# Special relativity

1. Aug 15, 2010

### fluidistic

1. The problem statement, all variables and given/known data
The half life time of mesons $$\mu$$ with velocity $$0.95 c$$ has been obtained experimentally as $$6\times 10^{-6}s$$.
Calculate the half life of those mesons in a system in which they are at rest.

Note: It shouldn't be "half life" but something like "mean life" or something like that, I don't know how to translate. Anyway it's not relevant to the problem.
2. Relevant equations Lorentz transformations.

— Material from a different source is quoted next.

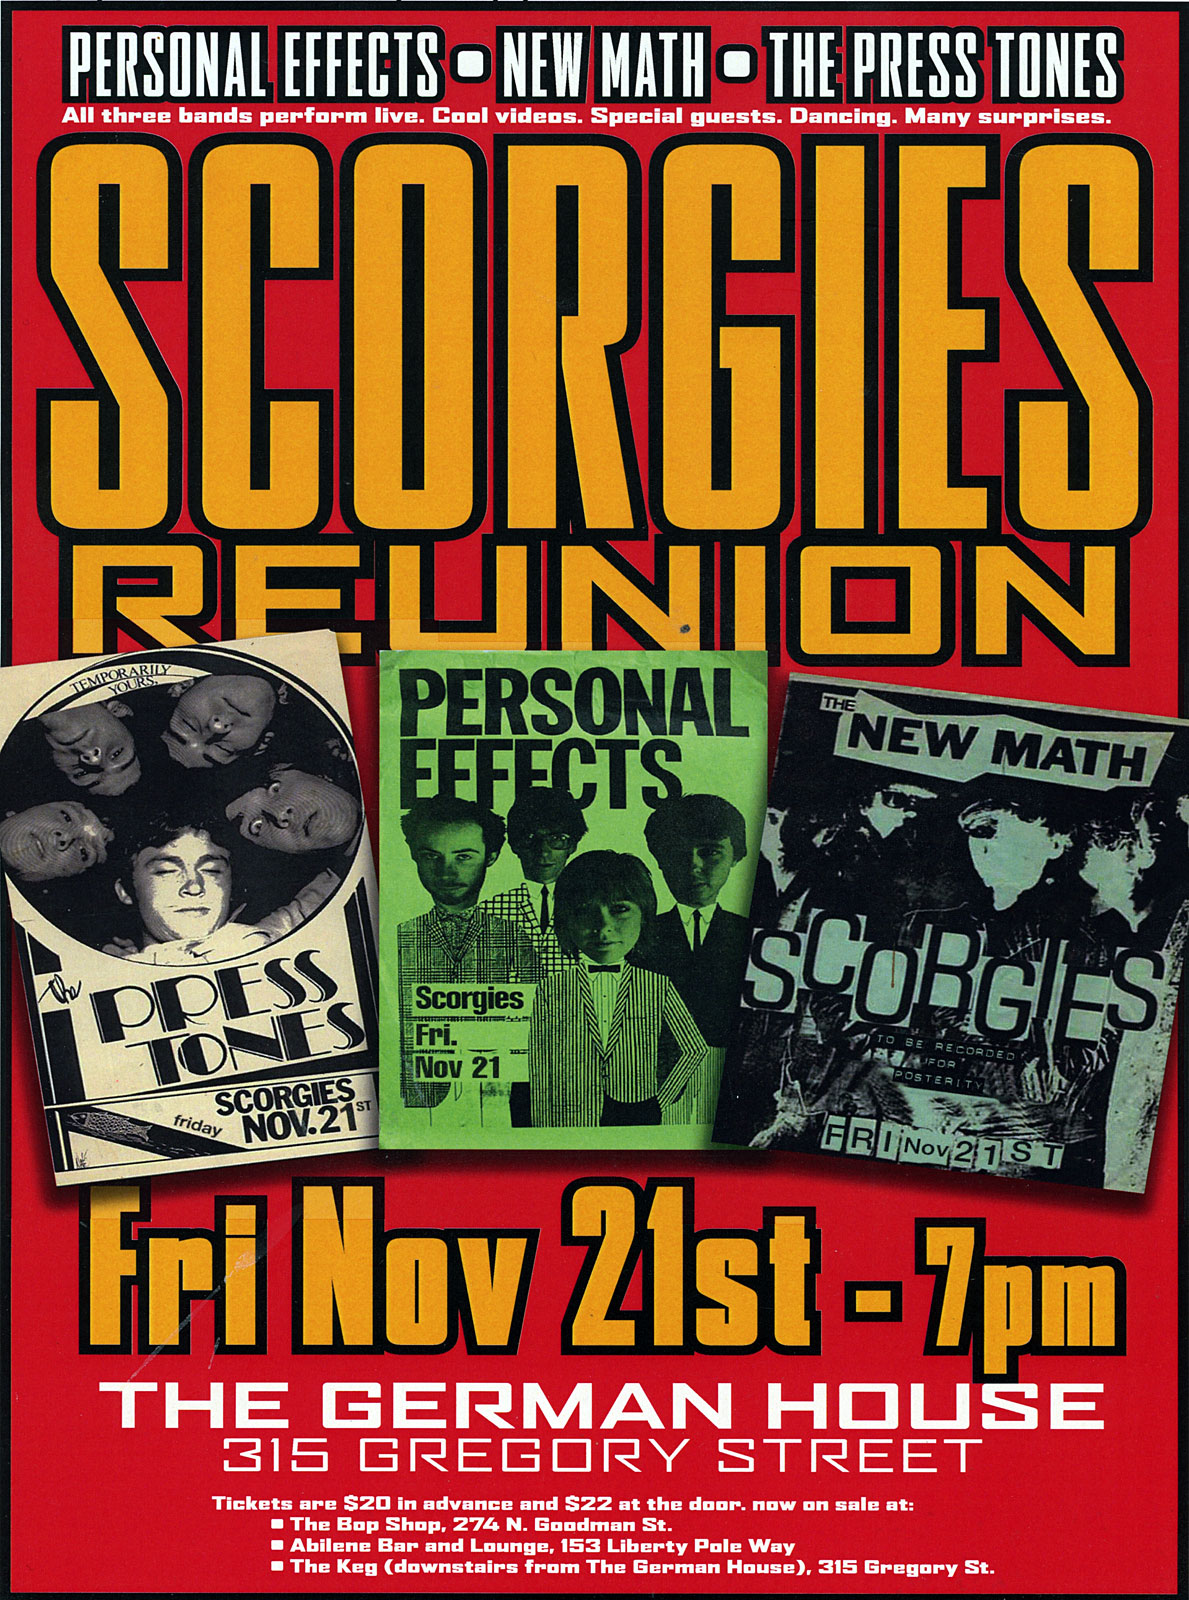 Poster for Scorgie's Reunion Concert at the German House in Rochester, New York in 2008. Show featured The Presstones, New Math and Personal Effects.

3. The attempt at a solution
Say I have a reference frame O and O' where O is the system at rest and O' the one moving at 0.95 c from the mesons.
They give me, I believe, $$t_B'-t_A'=6 \times 10^{-6}s$$. They ask me $$T_B-T_A$$.
Using Lorentz transformations, I get that $$T_B-T_A=\frac{vx_B}{c^2}-\frac{vx_A}{c^2}$$. So my problem is to get rid of a distance relationship. They don't say anything about distance... or should I calculate the distance the mesons travel in $$6 \times 10^{-6}s$$ which would give me $$x_B'-x_A'$$? And then I could calculate $$x_A-x_B$$ with Lorentz transformations and I think the problem would be solved... does this sound correct?

2. Aug 15, 2010

### vela

Staff Emeritus
You have two events: the muon's creation and the muon's decay. What you know about the events is the temporal difference between them in the lab frame and the spatial difference in the muon's rest frame. That's enough info to calculate the time elapsed in the muon's rest frame. Alternately, you could also calculate the spatial difference in the lab frame, which then allows you to calculate the time elapsed in the muon frame. In either case, you'll use a Lorentz transformation equation, but you use different ones depending on which method you choose.

Last edited: Aug 15, 2010
3. Aug 15, 2010

### fluidistic

Ok so I just followed my thoughts which is basically what you said. I reach as a final answer: $$5.415001691 \times 10 ^{-6}s$$ which is roughly 10% less time of life than mesons with 0.95c speed. Don't know if it's correct.

4. Aug 15, 2010

### vela

Staff Emeritus
Hmm, maybe you should show us your work. I get about 2 μs.

5. Aug 15, 2010

### fluidistic

Sure.
Wow, when I was writing my work here, I saw my error... Nevermind, I restart it all. I will try to see if my future result will match yours.

6. Aug 15, 2010

### fluidistic

I now get (with less algebra!) $$1.8734994 \times 10^{-6}s$$. If you don't get this, let me know and I show my work.

7. Aug 15, 2010

### vela

Staff Emeritus
Yup, that matches what I got.

8. Aug 15, 2010

### fluidistic

Thanks for the confirmation, problem solved.